Lossy compression is the use of human beings' insensitivity to certain frequency components in images or sound waves, allowing some information to be lost during compression; although the original data cannot be fully recovered, the impact of the lost part on understanding the original image is reduced , But in exchange for a much larger compression ratio.
- Lossy compression is the use of human beings' insensitivity to certain frequency components in images or sound waves, allowing some information to be lost during compression; although the original data cannot be fully recovered, the impact of the lost part on understanding the original image is reduced , But in exchange for a much larger compression ratio.

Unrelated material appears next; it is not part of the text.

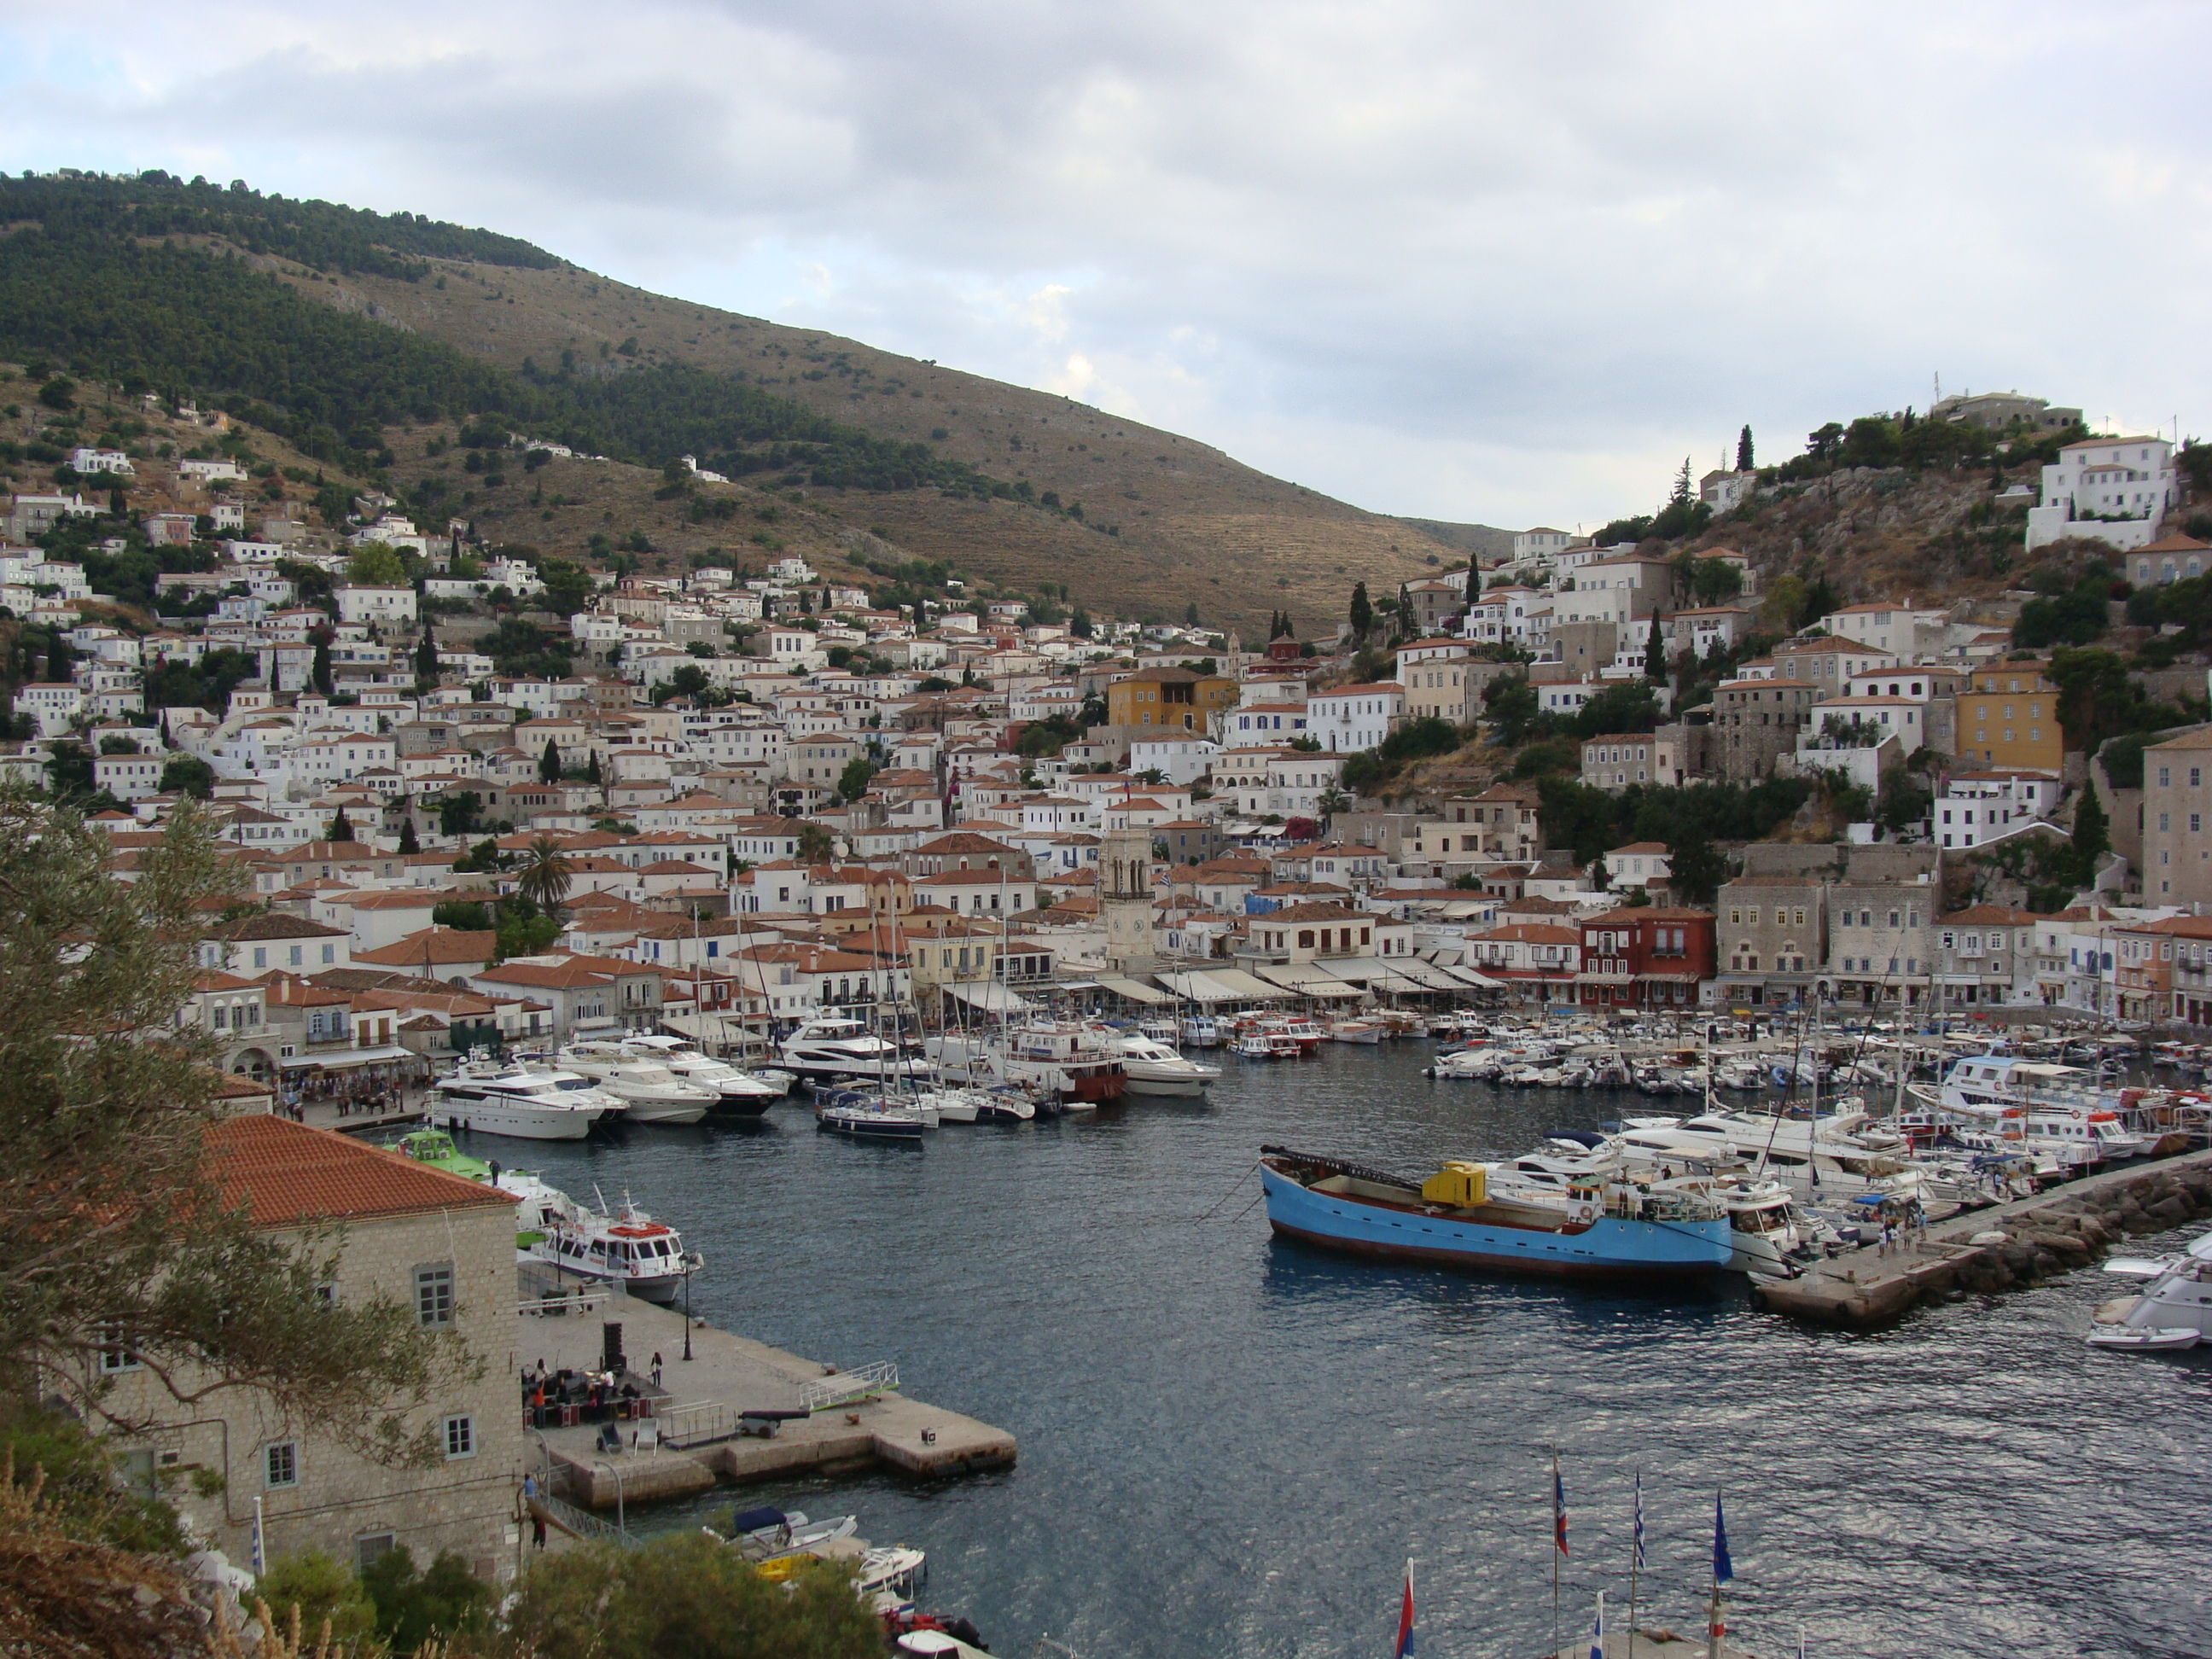 The historic port of Hydra - a wonderful sailing destination

- Lossy compression is widely used in the compression of voice, image and video data.
Lossy compression overview
- Lossy compression, also known as destructive data compression in Taiwan, Hong Kong, and Macau.

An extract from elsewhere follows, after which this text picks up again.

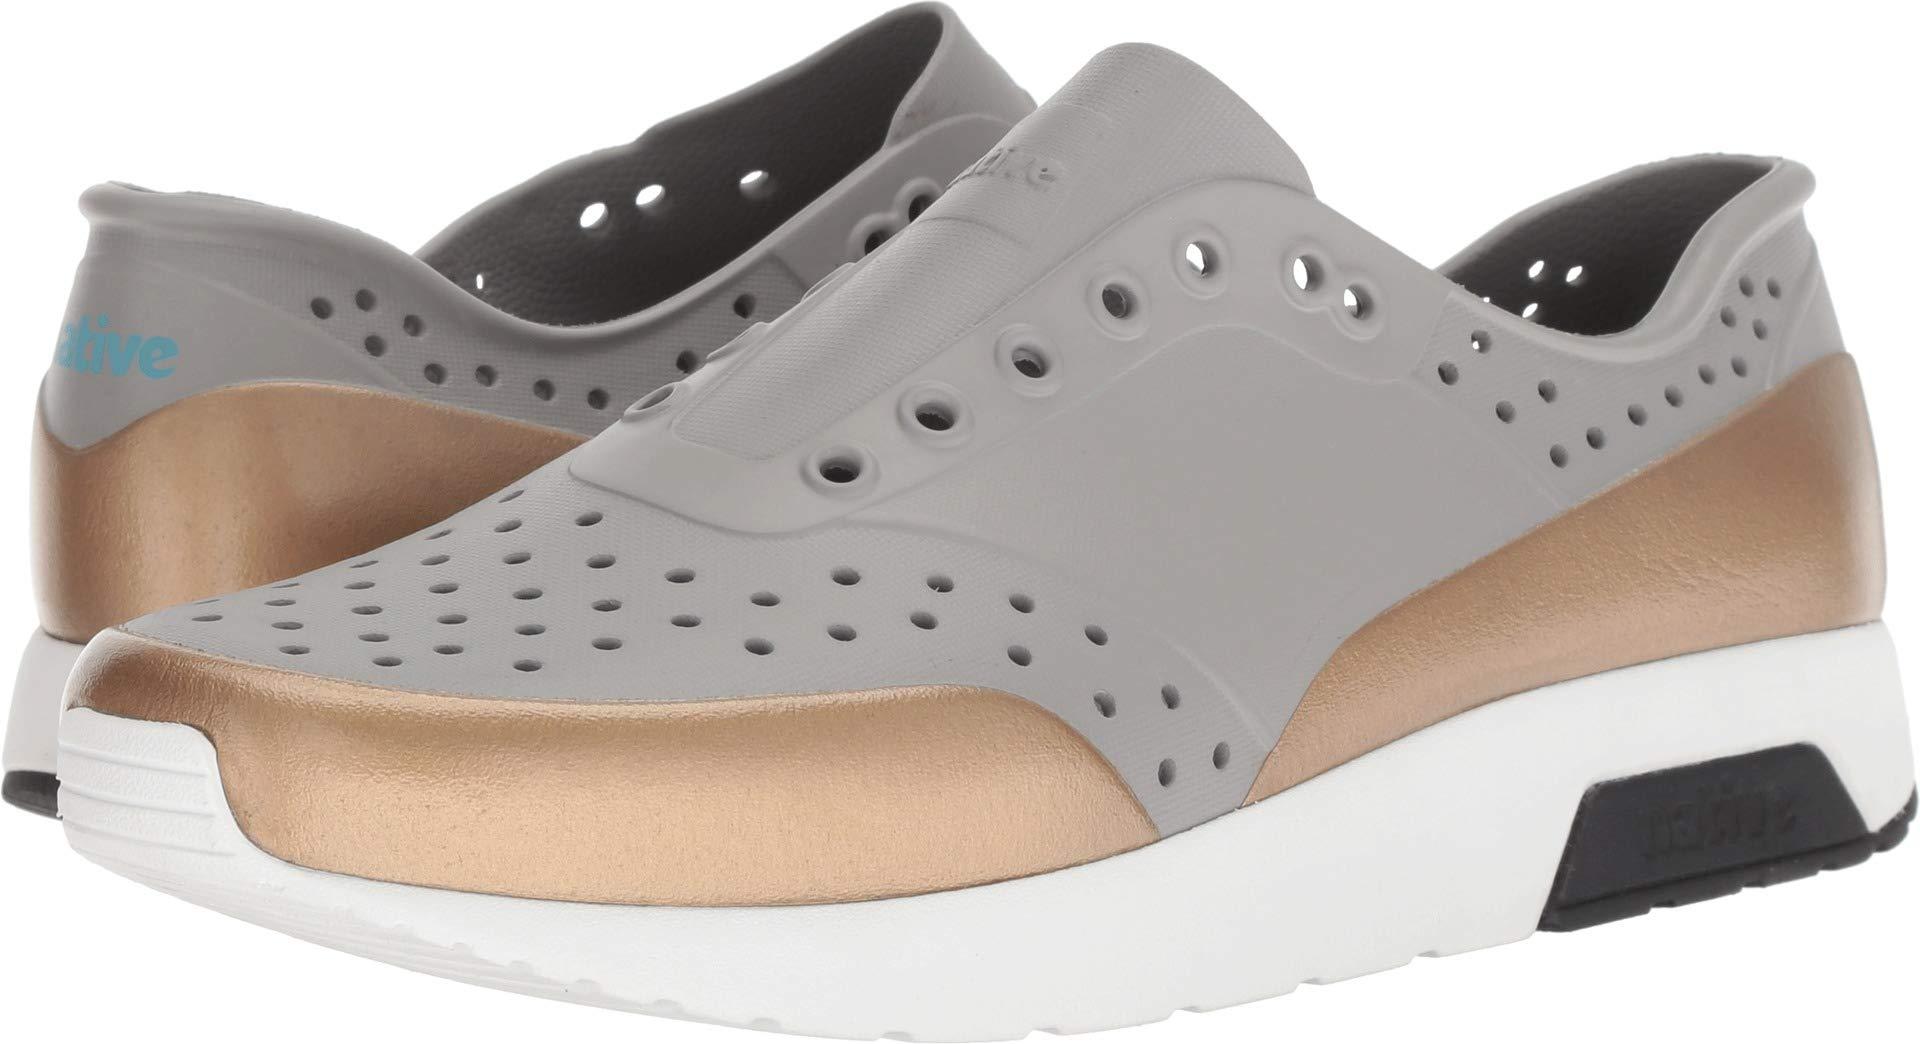 native Shoes Unisex Lennox Pigeon Grey/Shell White/Jiffy Black/Rose Gold Block 6 Women / 4 Men M US

- Common sound, image, and video compression are basically lossy.
- In multimedia applications, common compression methods are: PCM (pulse code modulation
- Lossy compression
- mp3, dlX, Xvid, jpeg, rm, rmvb, wma, wmv, etc. are all lossy compression.
- The lossy data compression method is a compression method in which the compressed and decompressed data is different from the original data but is very close. Lossy data compression, also known as destructive compression, compresses secondary information data, sacrificing some quality to reduce the amount of data, and increasing the compression ratio. This method is often used in the Internet, especially in the field of streaming media and telephone. It is often referred to as codec in this article. It is a compression method corresponding to lossless data compression. Depending on the design of the various formats, there is a generationloss for lossy data compression: both compressed and decompressed files will bring a gradual quality degradation.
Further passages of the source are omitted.